Prelim questions...small room

Monkey Allen

Fork and spoon operator
Hi

My room is:

210cmx220cmxstandard height roof.

It has regular white house walls and a tiled floor.

It's an echo chamber. It sucks.

Is it worth doing anything at all to such a room to treat it for monitoring/ mixing? I will be there for a year and a half in all likeliness and I want to be able to do some mixing.

Due to the size, I can only afford inches between the back of the monitors and the wall. The sound is bassier than Barry White and there's no high articulation. It's the perfect dead zone, mid zone.

What can I do with such a bad room?

I'm gonna start with a bit of a rug on the floor...


thanks
 
No, my friend.
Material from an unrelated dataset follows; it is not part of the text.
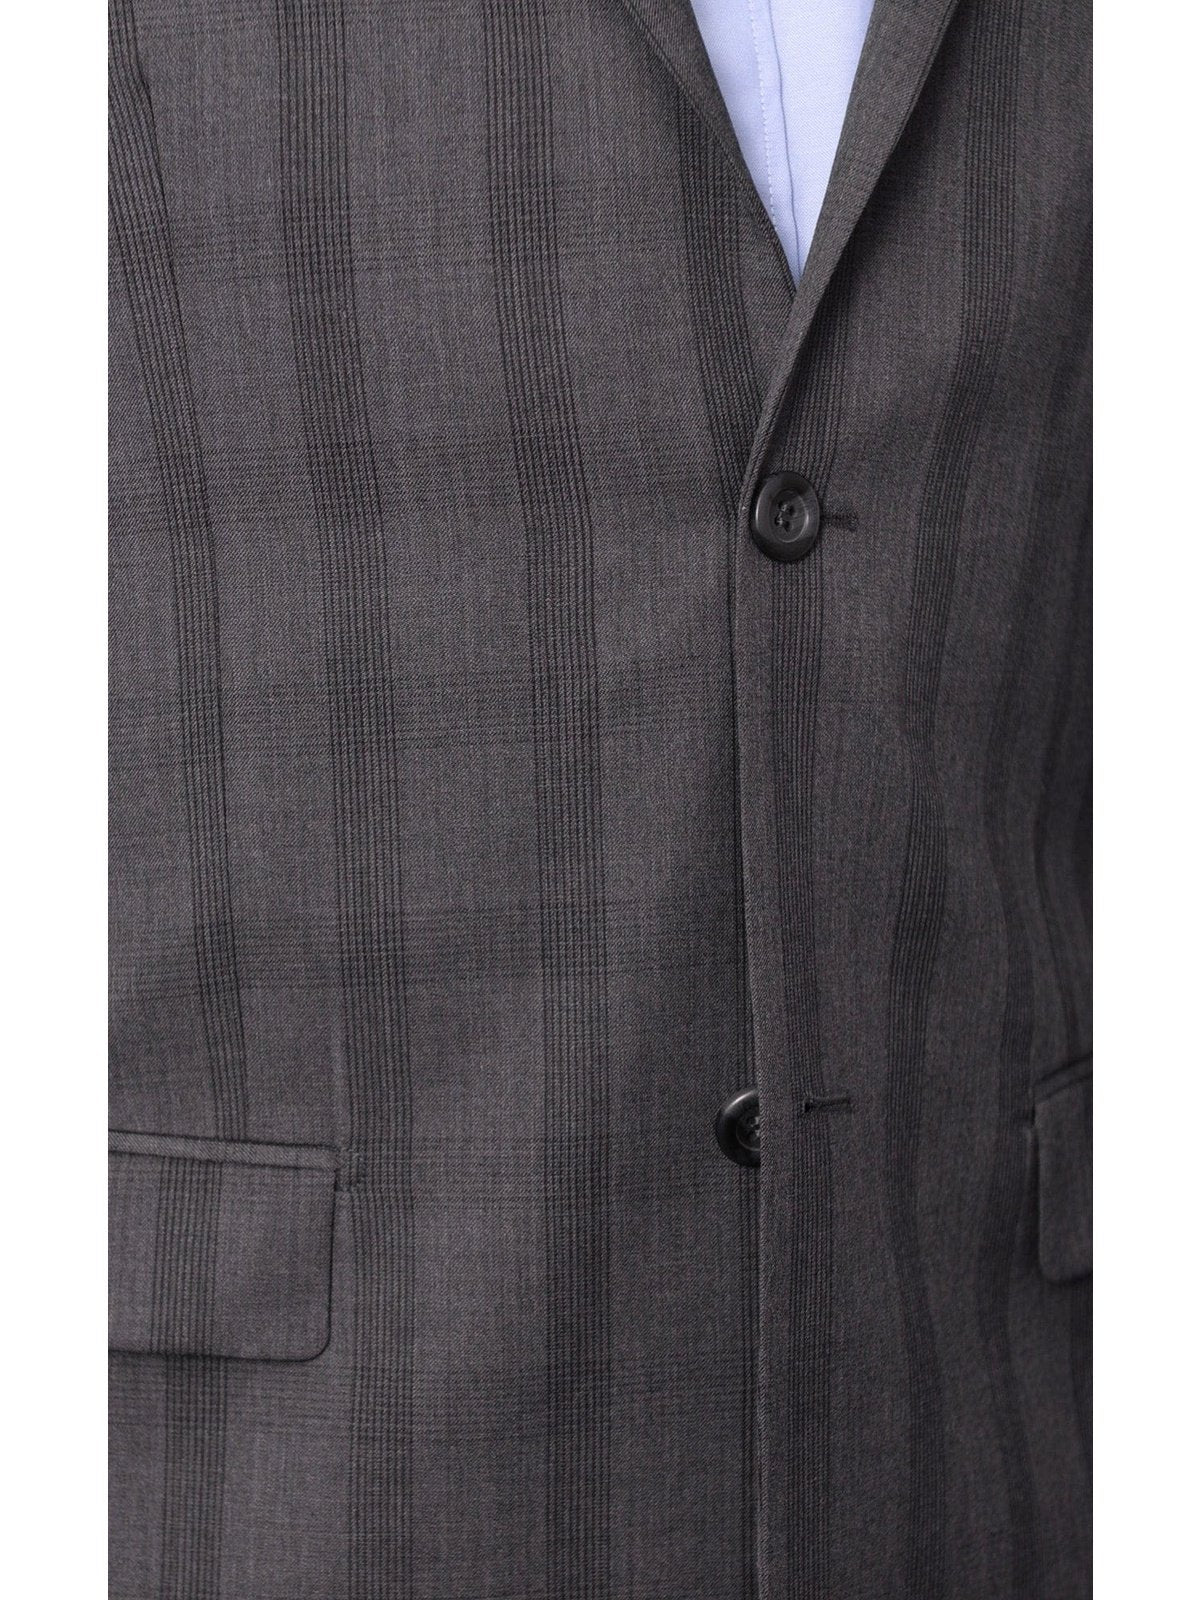 Prontomoda BLAZERS Prontomoda Men's Gray Plaid 100% Wool Slim Fit Blazer Sport Coat

I would recommend against using that room for anything but voice-over work. Even then you will need to trap the crap out of it. ;) - and make it 'dead'.

It's just too small.

or - spend as much money as you can afford on the very best audiophile open-ear headphones and high current headphone amp. - but it's still not the same as speakers in a room - you will have to deal with the 'in-your-head' imaging or use a correction plug-in.

You should try to find a room that has at least 42 cubic meters of volume. The dimensions are also very important to minimize room mode issues.

By the way, I am not too far from you.. I'm in Jakarta, ID. :D

oh.. also a rug will probably make it worse.. you need serious bass trapping and flutter echo control.

Cheers,
John
 
Yeah this is what I thought...I can't do anything about it except for maybe use the bass freq adjust on my speakers and try to get familiar with mixing through trial and error.

Thanks and hi to you in Jakarta from near the Chinese border in HK

:)
 
You are determined. :cool:

Ok, then you must try to treat the room with Bass Traps at the very least. 10 - 20 cm thick rock wool covered with a fire-rated fabric placed in the corners will help by an incredible amount. ;)

You have 12 corners in a rectangular room - not just the vertical ones.

Then, I suggest that you treat any surfaces that will reflect the sound from your speakers back to your mix position.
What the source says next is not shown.